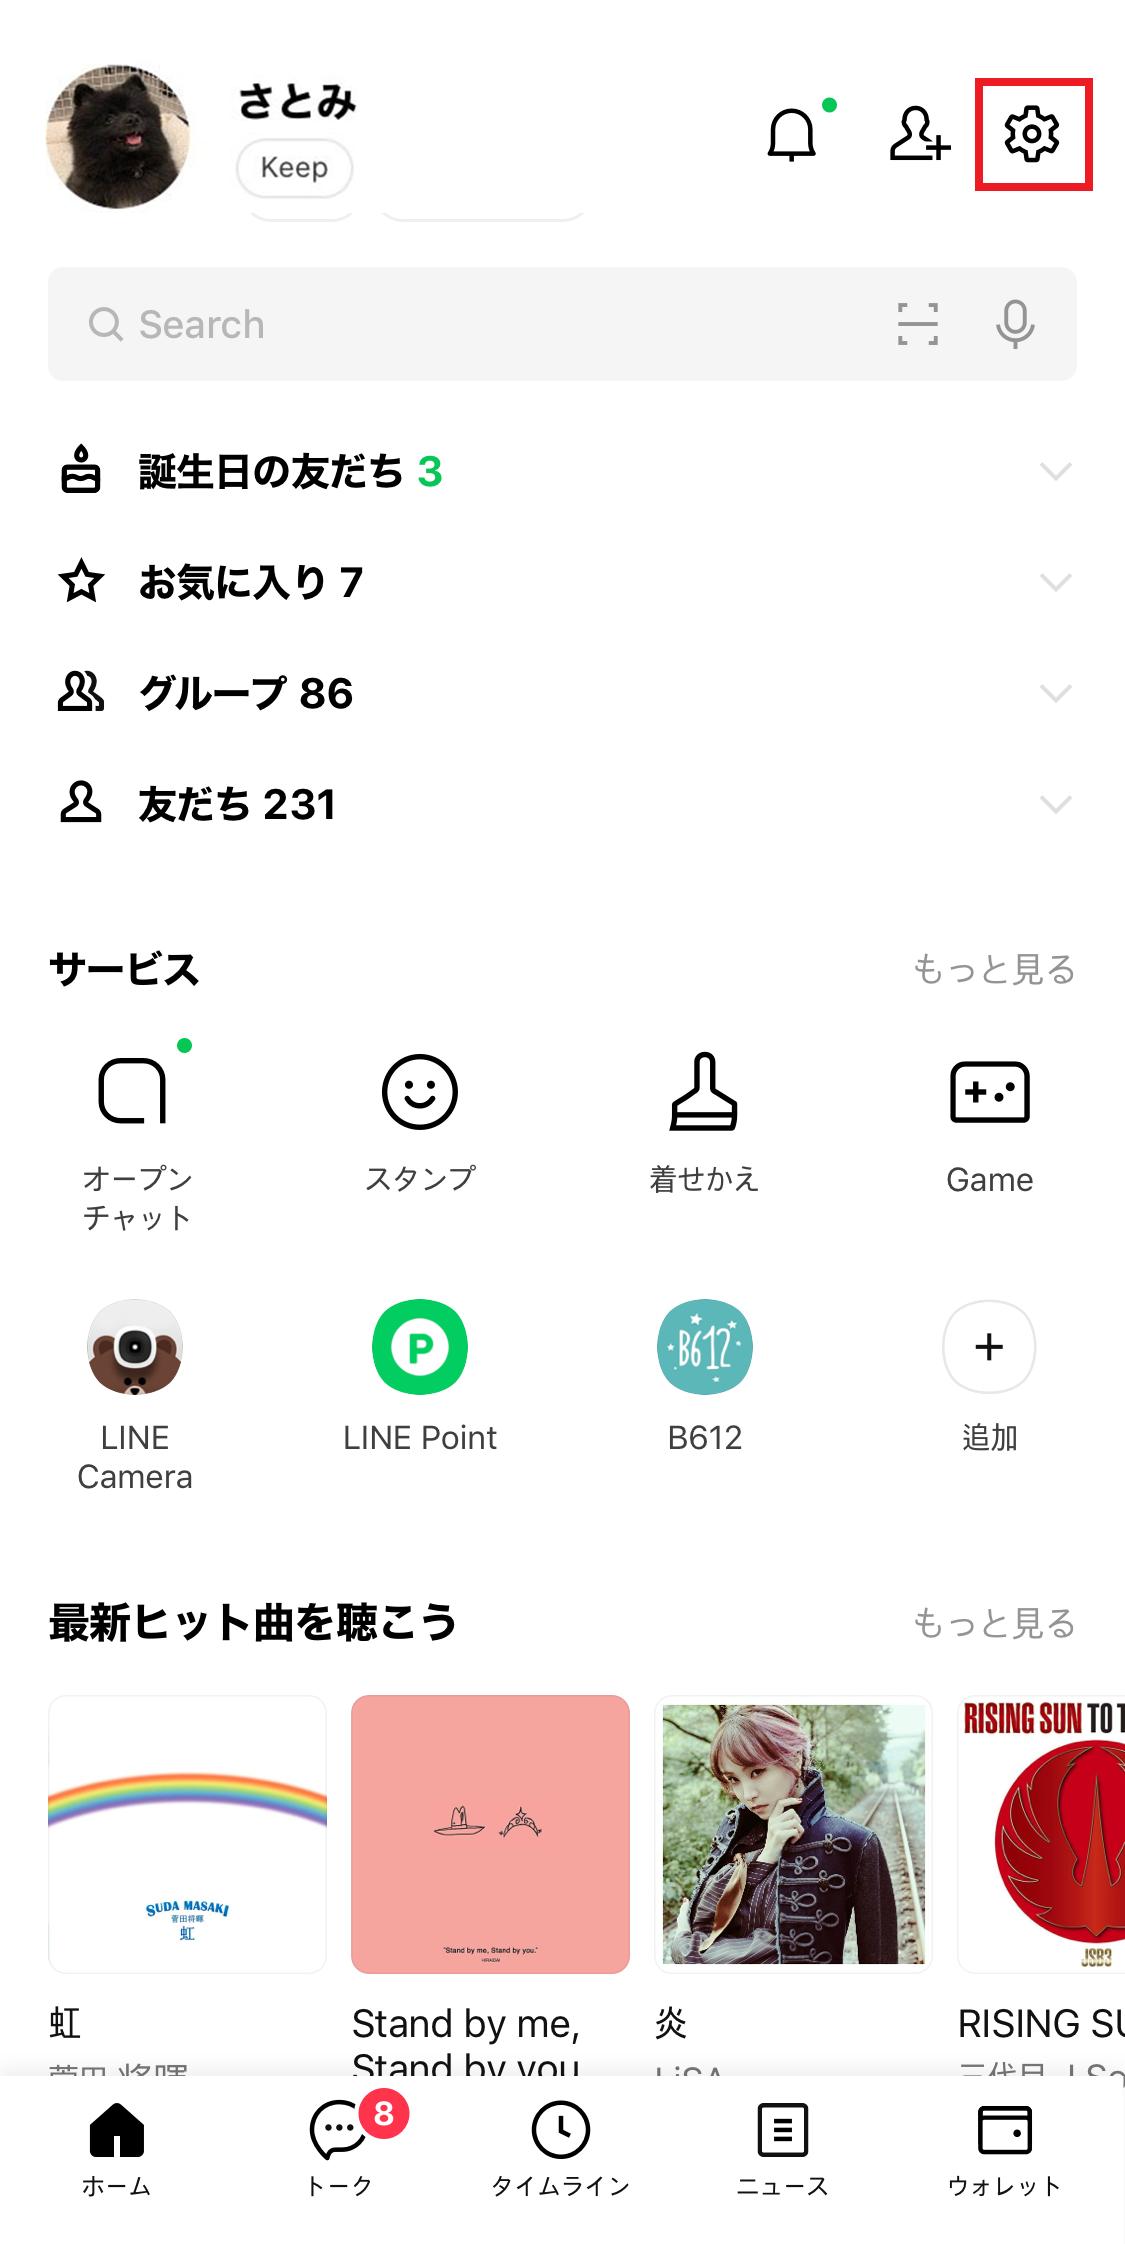 bgm-profile_01.png
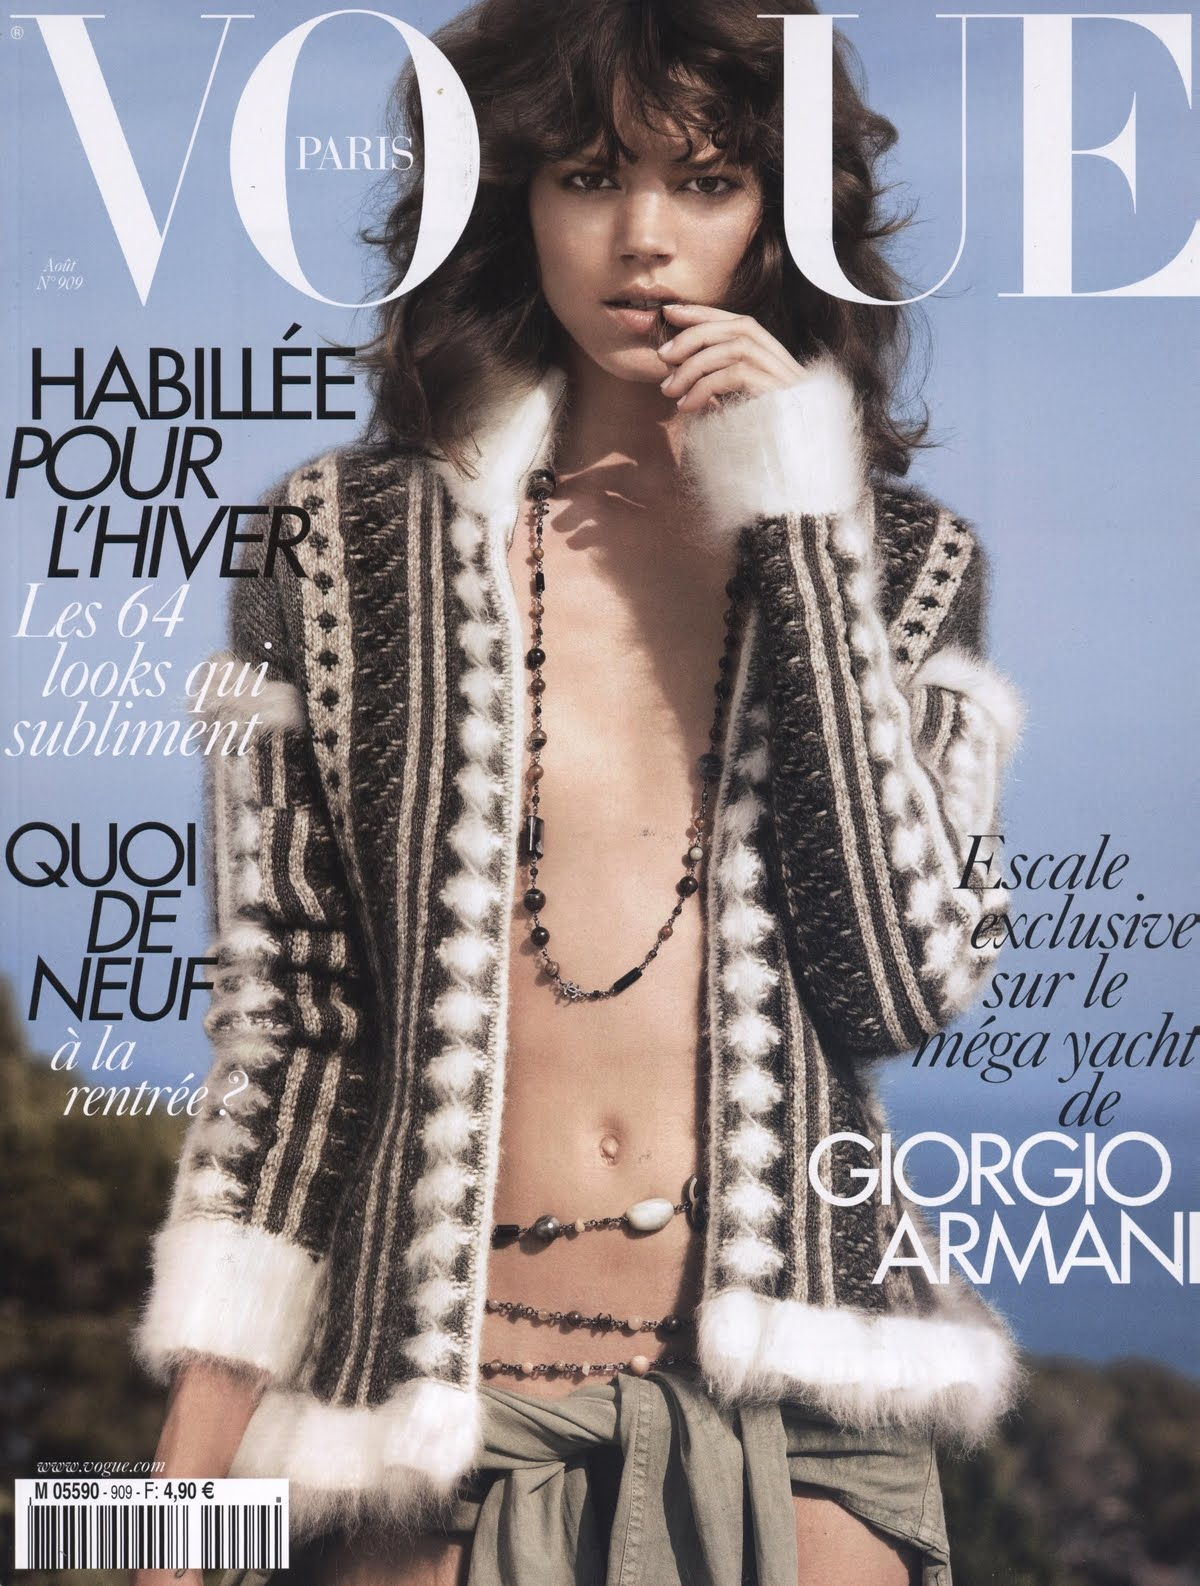 http://3.bp.blogspot.com/_FUYvMNTJrjU/TGXR2nwV7AI/AAAAAAAAItg/iTSCnStu_iI/s1600/Freja+Beha+Vogue+Paris.jpg
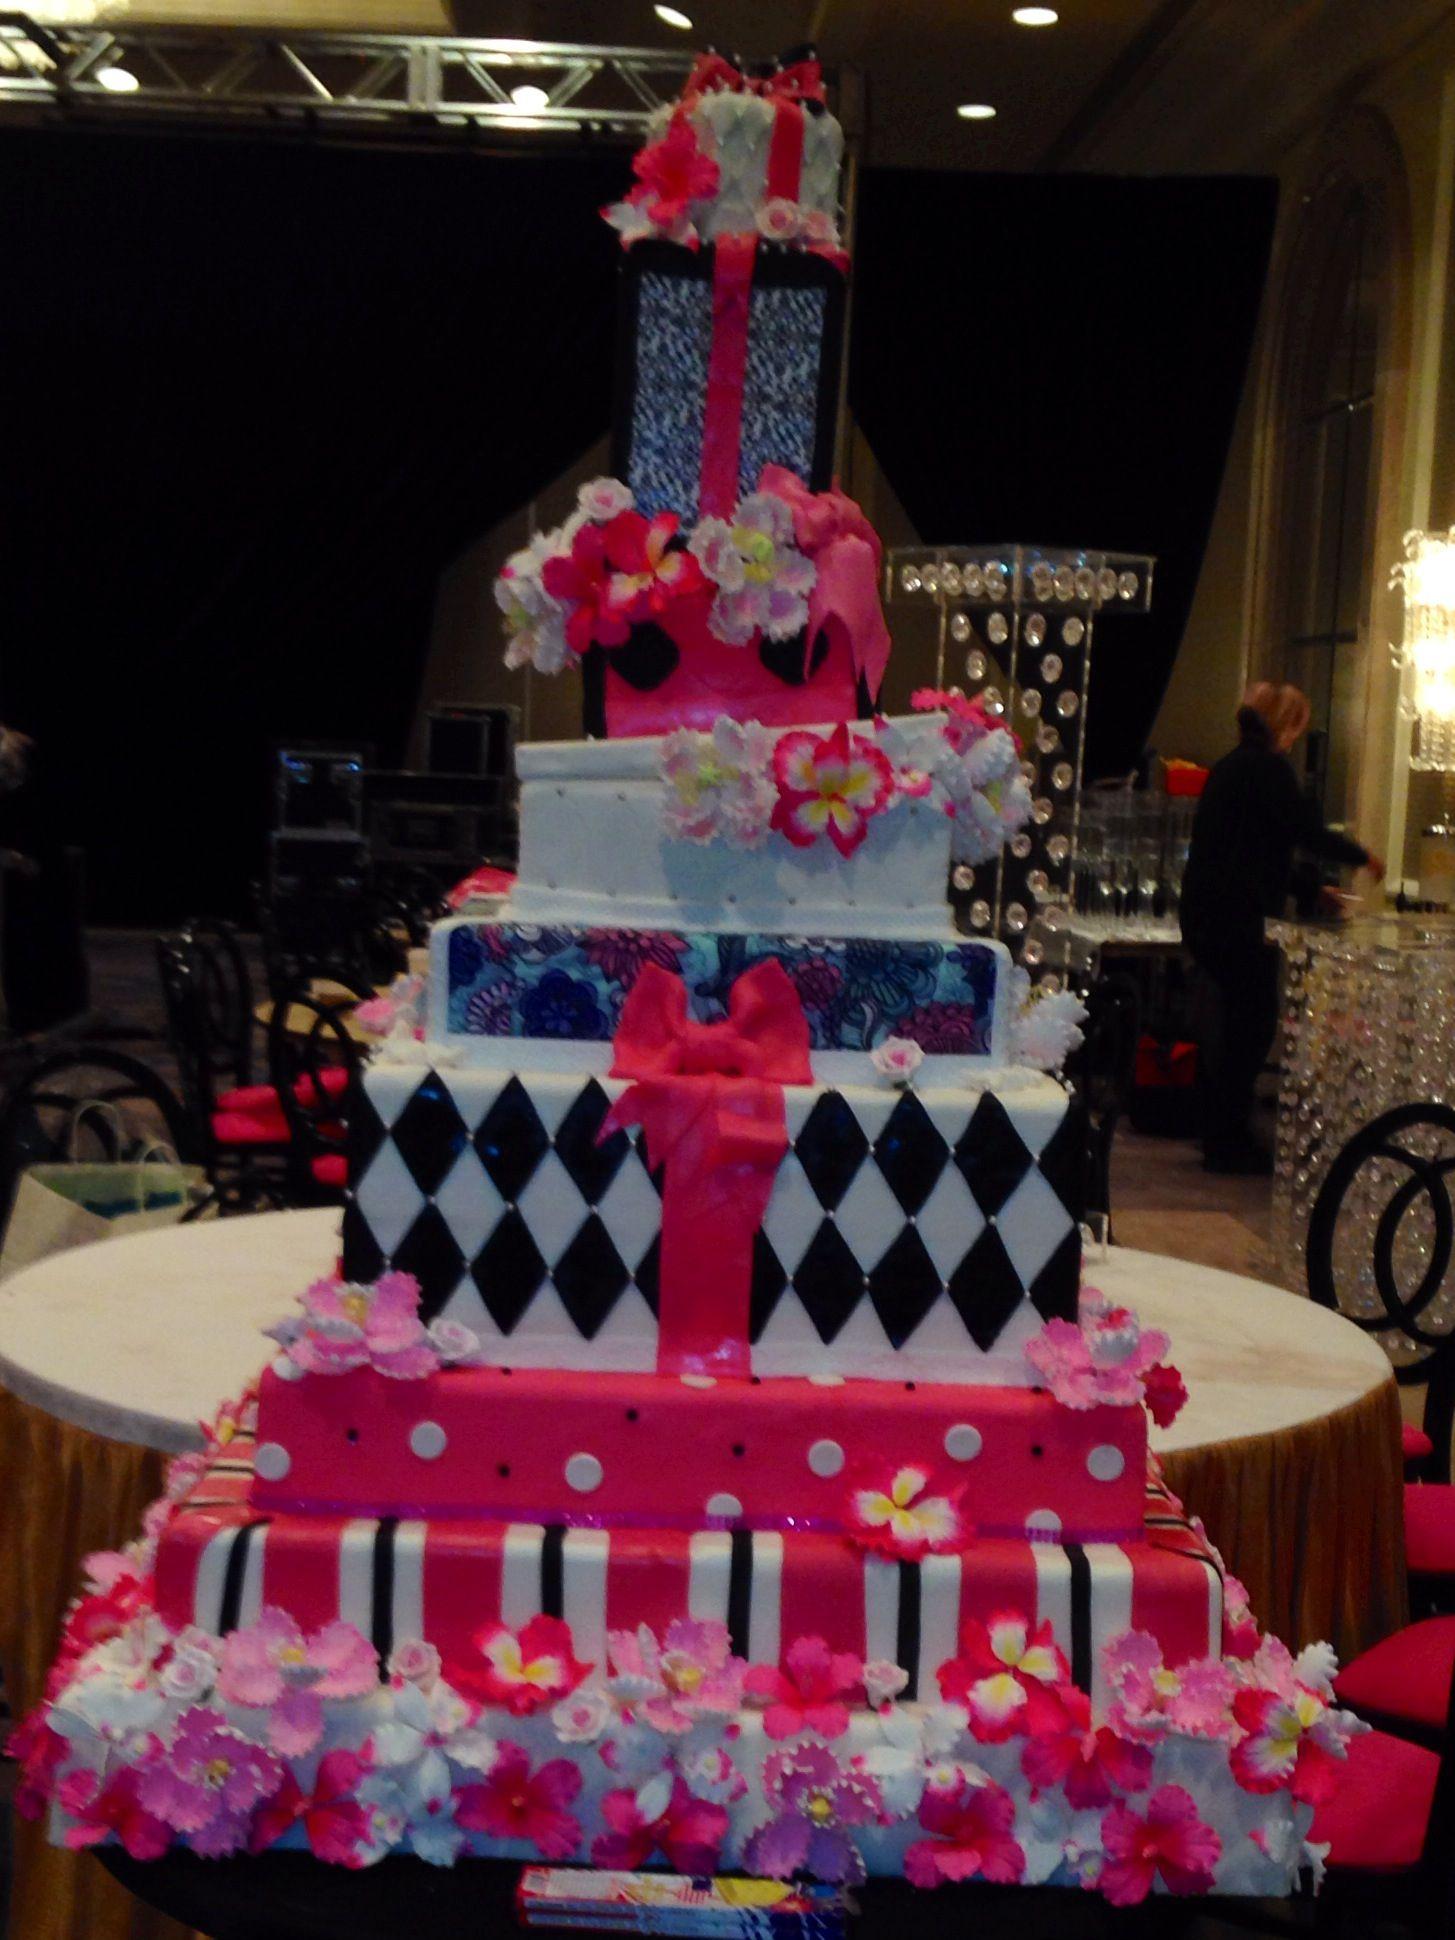 Giant birthday cake giant birthday cake cake mary birthday
★ ★ ★ ★ ★ ★ ★
DIRECTIONS = With the pictures removed, return the listing above in its exact original wording.

EXPECTED ANSWER =
 bgm-profile_01.png
 http://3.bp.blogspot.com/_FUYvMNTJrjU/TGXR2nwV7AI/AAAAAAAAItg/iTSCnStu_iI/s1600/Freja+Beha+Vogue+Paris.jpg
 Giant birthday cake giant birthday cake cake mary birthday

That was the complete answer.